(Records from a data source)
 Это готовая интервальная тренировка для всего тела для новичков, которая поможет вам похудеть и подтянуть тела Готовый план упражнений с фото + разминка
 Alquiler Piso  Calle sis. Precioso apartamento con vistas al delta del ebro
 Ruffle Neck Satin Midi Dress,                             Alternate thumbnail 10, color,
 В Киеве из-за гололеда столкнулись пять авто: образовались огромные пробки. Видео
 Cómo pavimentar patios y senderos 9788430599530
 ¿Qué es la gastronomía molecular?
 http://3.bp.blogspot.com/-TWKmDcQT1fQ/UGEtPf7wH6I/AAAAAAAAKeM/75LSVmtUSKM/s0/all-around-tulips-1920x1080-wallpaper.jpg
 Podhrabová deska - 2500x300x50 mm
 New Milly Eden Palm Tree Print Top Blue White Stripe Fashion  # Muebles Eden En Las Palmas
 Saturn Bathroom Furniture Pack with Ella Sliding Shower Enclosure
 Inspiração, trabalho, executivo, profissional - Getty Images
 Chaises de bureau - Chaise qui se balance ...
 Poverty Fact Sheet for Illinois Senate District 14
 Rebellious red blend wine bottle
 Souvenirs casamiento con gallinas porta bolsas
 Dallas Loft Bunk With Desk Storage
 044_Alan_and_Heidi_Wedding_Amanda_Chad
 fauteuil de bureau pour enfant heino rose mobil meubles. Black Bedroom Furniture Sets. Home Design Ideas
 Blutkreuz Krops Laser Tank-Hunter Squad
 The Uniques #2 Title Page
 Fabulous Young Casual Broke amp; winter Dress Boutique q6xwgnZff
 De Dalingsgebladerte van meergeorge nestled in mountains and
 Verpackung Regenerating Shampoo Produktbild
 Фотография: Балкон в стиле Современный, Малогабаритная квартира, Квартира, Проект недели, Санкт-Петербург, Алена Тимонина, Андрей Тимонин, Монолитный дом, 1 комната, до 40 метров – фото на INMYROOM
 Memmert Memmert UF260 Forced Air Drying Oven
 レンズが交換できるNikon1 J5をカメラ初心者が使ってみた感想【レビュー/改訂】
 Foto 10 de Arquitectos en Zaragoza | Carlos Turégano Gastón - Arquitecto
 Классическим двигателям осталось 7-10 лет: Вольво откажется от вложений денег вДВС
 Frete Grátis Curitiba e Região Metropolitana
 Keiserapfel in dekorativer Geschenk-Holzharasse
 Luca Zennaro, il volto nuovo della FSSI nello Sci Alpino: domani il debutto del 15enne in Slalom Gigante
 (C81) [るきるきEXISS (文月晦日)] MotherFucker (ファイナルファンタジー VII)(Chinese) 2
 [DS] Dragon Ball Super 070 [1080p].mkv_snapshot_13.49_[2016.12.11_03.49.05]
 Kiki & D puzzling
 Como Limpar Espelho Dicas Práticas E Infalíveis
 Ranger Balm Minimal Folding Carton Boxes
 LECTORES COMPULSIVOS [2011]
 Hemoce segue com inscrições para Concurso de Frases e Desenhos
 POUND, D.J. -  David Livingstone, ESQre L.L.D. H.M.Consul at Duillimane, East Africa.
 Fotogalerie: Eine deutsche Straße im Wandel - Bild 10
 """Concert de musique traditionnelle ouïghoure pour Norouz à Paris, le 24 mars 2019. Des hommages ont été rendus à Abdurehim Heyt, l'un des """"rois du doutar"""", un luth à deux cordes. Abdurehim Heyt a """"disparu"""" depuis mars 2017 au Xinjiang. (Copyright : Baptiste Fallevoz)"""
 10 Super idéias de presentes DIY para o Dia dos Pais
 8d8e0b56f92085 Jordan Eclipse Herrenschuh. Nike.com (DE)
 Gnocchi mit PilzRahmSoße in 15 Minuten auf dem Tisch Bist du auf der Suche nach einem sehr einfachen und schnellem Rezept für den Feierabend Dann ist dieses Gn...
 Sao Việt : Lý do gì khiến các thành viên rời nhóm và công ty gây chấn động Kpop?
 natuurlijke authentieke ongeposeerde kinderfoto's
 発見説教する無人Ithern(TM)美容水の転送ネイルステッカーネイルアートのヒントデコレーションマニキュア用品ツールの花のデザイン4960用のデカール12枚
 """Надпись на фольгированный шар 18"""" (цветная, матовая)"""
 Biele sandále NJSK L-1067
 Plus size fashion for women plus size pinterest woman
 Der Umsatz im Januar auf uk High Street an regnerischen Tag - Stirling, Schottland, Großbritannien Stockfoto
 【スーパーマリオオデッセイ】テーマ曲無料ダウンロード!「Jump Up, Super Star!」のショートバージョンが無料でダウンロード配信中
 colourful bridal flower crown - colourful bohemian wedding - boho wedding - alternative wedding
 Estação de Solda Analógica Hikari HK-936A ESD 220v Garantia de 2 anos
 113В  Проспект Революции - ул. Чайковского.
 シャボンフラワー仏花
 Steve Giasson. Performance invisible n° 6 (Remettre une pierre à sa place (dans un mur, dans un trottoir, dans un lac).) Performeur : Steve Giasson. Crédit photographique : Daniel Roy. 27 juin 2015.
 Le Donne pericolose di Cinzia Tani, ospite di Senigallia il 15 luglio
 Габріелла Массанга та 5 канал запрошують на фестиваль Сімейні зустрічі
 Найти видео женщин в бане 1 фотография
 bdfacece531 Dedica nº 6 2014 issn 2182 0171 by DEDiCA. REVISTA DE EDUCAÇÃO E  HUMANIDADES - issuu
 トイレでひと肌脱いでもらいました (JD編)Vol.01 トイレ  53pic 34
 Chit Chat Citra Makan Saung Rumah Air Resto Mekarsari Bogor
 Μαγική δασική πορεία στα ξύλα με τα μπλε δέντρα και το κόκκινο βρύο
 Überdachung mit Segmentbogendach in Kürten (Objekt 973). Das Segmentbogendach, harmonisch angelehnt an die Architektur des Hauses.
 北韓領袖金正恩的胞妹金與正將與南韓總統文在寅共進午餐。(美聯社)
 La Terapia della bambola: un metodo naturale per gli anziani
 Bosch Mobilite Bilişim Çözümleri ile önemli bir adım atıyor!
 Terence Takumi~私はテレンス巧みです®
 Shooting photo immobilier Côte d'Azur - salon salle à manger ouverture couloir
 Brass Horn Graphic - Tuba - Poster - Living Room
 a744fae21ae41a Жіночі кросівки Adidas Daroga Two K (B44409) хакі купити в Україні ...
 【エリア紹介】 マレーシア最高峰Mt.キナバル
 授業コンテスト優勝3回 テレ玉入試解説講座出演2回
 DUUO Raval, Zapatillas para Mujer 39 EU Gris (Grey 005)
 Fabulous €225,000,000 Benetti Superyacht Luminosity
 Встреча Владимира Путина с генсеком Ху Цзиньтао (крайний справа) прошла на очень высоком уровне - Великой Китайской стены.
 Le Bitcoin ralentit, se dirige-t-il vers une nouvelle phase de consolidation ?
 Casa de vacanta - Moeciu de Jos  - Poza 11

## TRY IT
Wherever the line holding "Sao Việt : Lý" falls in the entries above, copy exactly from it through the line holding "発見説教する無人Ithern", inclusive, and add nothing.

## ANSWER SECTION
 Sao Việt : Lý do gì khiến các thành viên rời nhóm và công ty gây chấn động Kpop?
 natuurlijke authentieke ongeposeerde kinderfoto's
 発見説教する無人Ithern(TM)美容水の転送ネイルステッカーネイルアートのヒントデコレーションマニキュア用品ツールの花のデザイン4960用のデカール12枚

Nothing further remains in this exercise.